Para o ocidental bom é estar
morto, pois sempre vê a vida como algo difícil, o sofrimento é sempre visto
como inerente à vida e que o melhor lugar para se estar é perto de Deus, ou
seja, morto.
As religiões de matriz
africana foram amplamente estudadas por antropólogos e etnólogos que não
contribuíram completamente para o desenvolvimento do ser humano que vivencia
essas religiões.
Muitas vezes esses estudos
serviram para receber seus títulos de mestrado e doutorado numa perspectiva “desde fora para
dentro”.
As palavras em língua yorùbá que figuram neste trabalho estão
escritos segundo a obra Uma abordagem moderna ao yorùbá
(Edição do Autor, 2011), do linguista nigeriano Gideon Babalọlá Ìdòwú. Utilizamos a
ortografia moderna a fim de tornar mais compreensível a rica tradição oral preservada no Batuque. A
língua yorùbá é tonal e palavras idênticas porém pronunciadas de forma diferente se referem a coisas
diferentes.
Por exemplo: owó (dinheiro),
òwò (negócio), ọwọ́ (mão), ọwọ̀ (vassoura),
Ọ̀wọ̀ (nome de uma cidade nigeriana).
O alfabeto yorùbá é
constituído por 25 letras: A B D E Ẹ F G GB H I J K L M N O Ọ P R S Ṣ T U W Y.
Consoantes e vogais têm, em geral, o mesmo valor que em português, porém a
vogal E pronuncia-se sempre fechada,
como em “ema”, a Ẹ é sempre aberta como em “Eva”. G tem som gutural como em
“gado”, e nunca como J.
GB é explosivo. H é sempre
pronunciado e tem som aspirado como em “hell” (inglês). A vogal O é fechado,
como em “ovo” e Ọ é aberto como em “pó”.
R tem um som brando como em “rest” (inglês), nunca como RR. A consoante S é sibilante como em “sistema”
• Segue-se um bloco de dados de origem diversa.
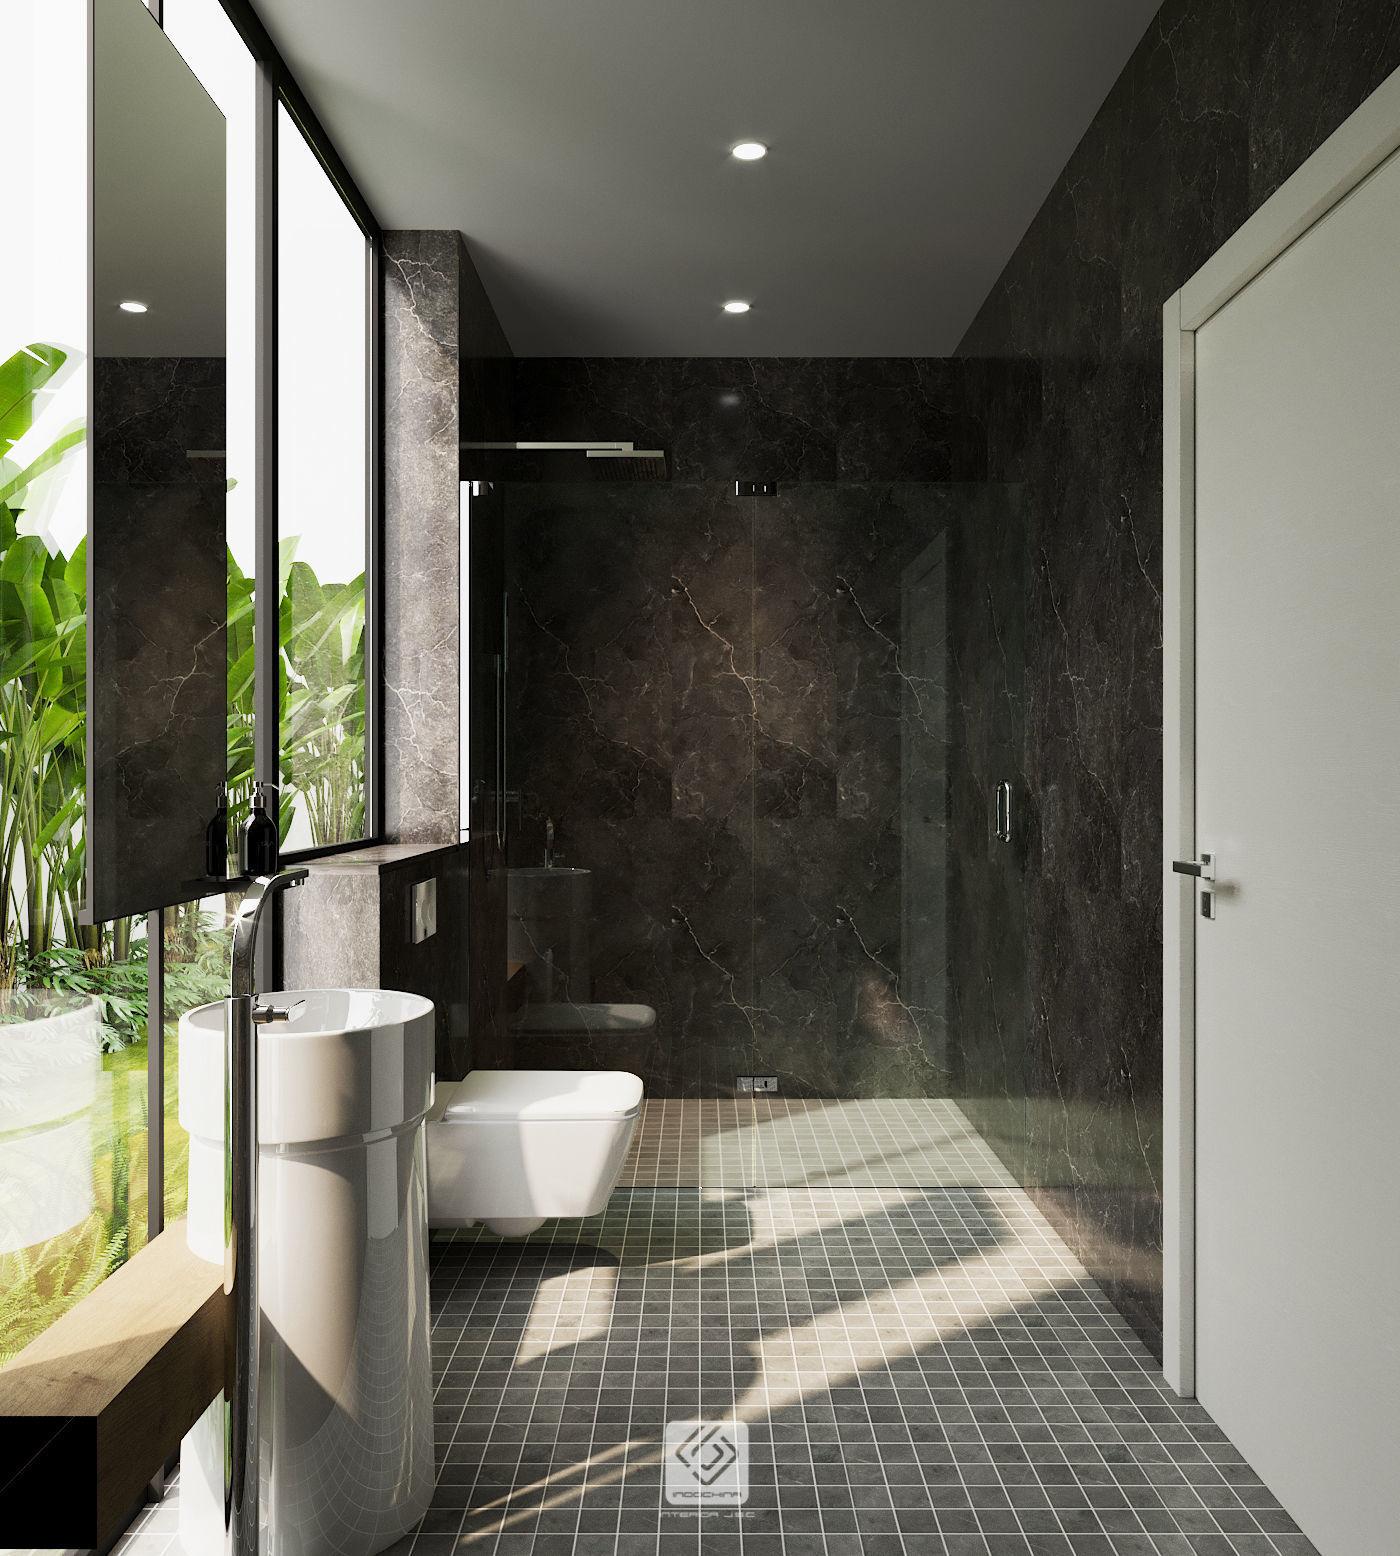 3D Bathroom modern tropical | CGTrader on Model Bathroom  id=22622
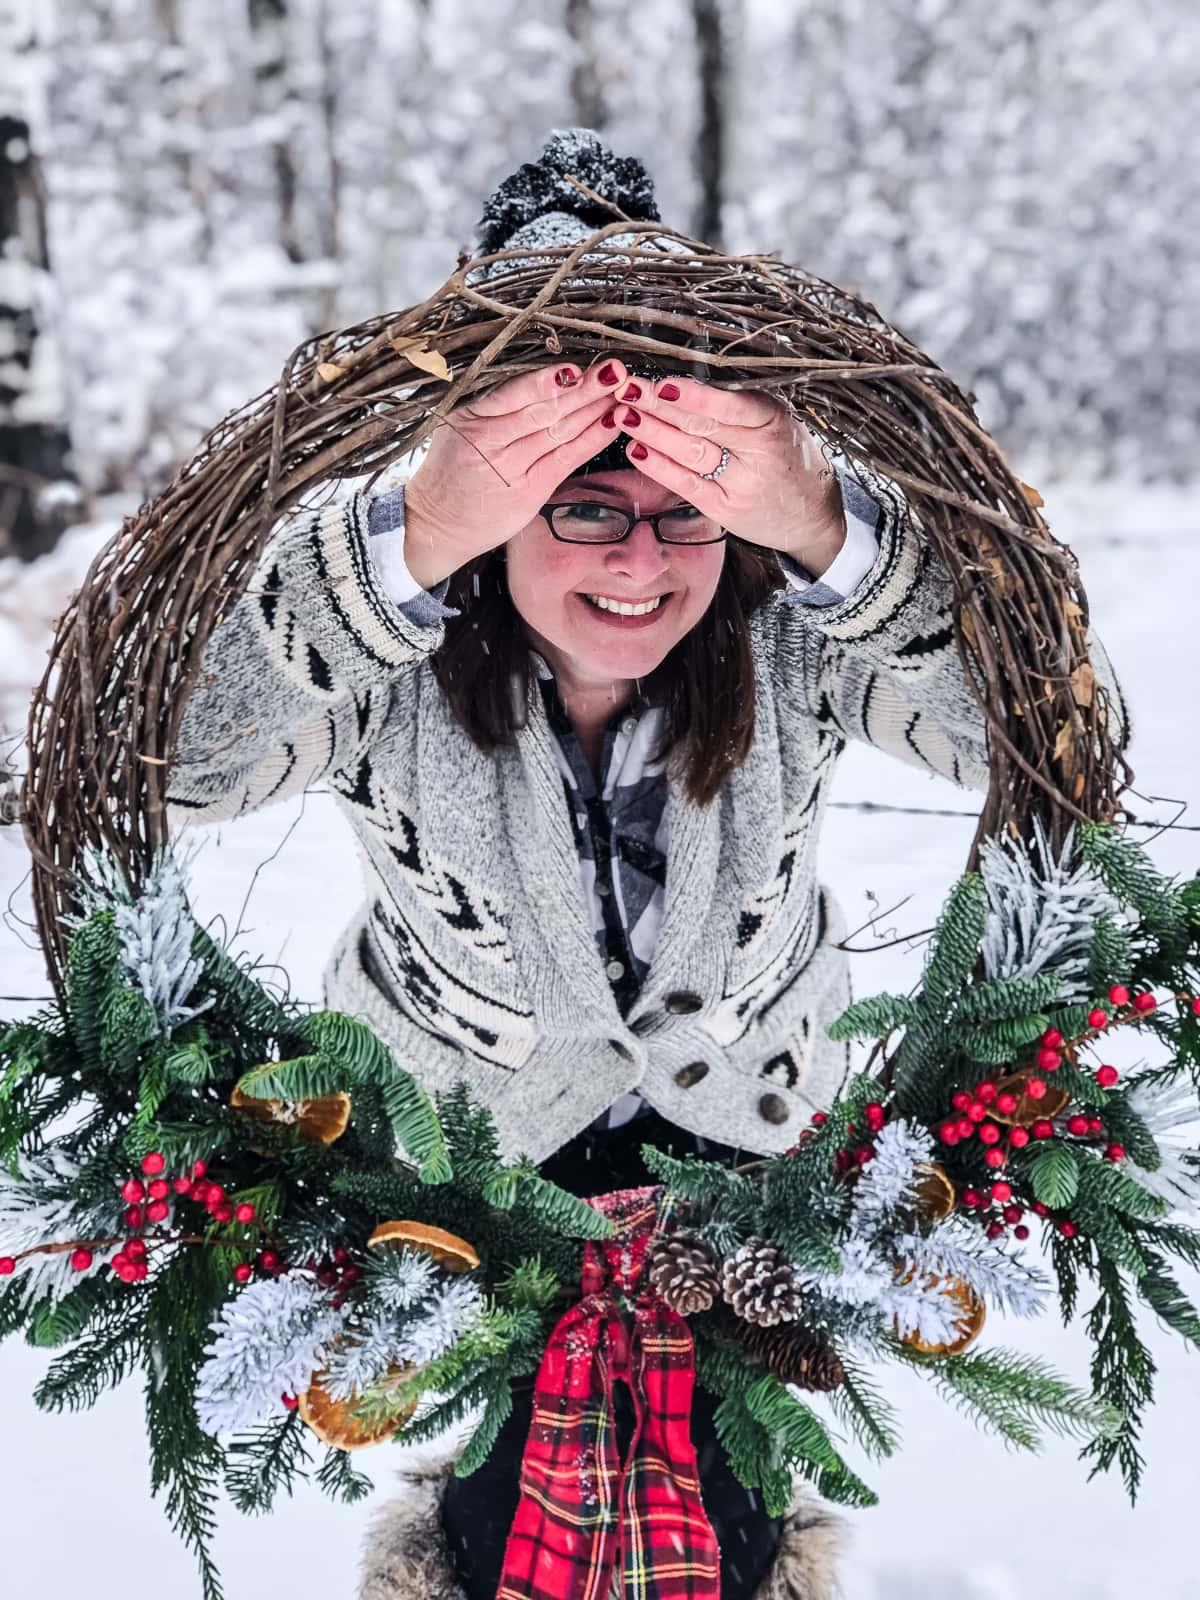 A woman holding a giant Christmas wreath

e Ṣ é chiada como em “xícara” ou “chimarrão”. W
tem som de U e Y tem som de I. Não existem as consoantes C, Q, V, X e Z.
A indicação do tom das
sílabas é feita pela acentuação: grave indica tom baixo (dó), sem acento é tom médio (ré) e
agudo indica tom alto (mi).
Os conceitos “desde fora para
dentro” e “desde dentro para fora” foram desenvolvidos por Juana Elbein dos Santos (Vozes,
1986) como método para os entendimentos das vivências afroreligiosas. Santos
define que os estudos acadêmicos costumam ser “desde fora para dentro”.
Modernamente os teólogos
apresentam novas soluções para os problemas escatológicos, fazendo da salvação
individual e coletiva não objeto de uma espera passiva, mas de uma esperança
ativa, em que a plenitude do desenvolvimento humano realizam um encontro
espiritual com Deus. Neste ínterim surgem vivenciadores das religiões de matriz
africana que levam até a academia os seus estudos na perspectiva “desde
dentro para fora”.
São antropólogos, etnólogos,
sociólogos, historiadores e até teólogos que, por serem iniciados, podem
retransmitir um saber mantido apenas no interior de seu sistema de crenças.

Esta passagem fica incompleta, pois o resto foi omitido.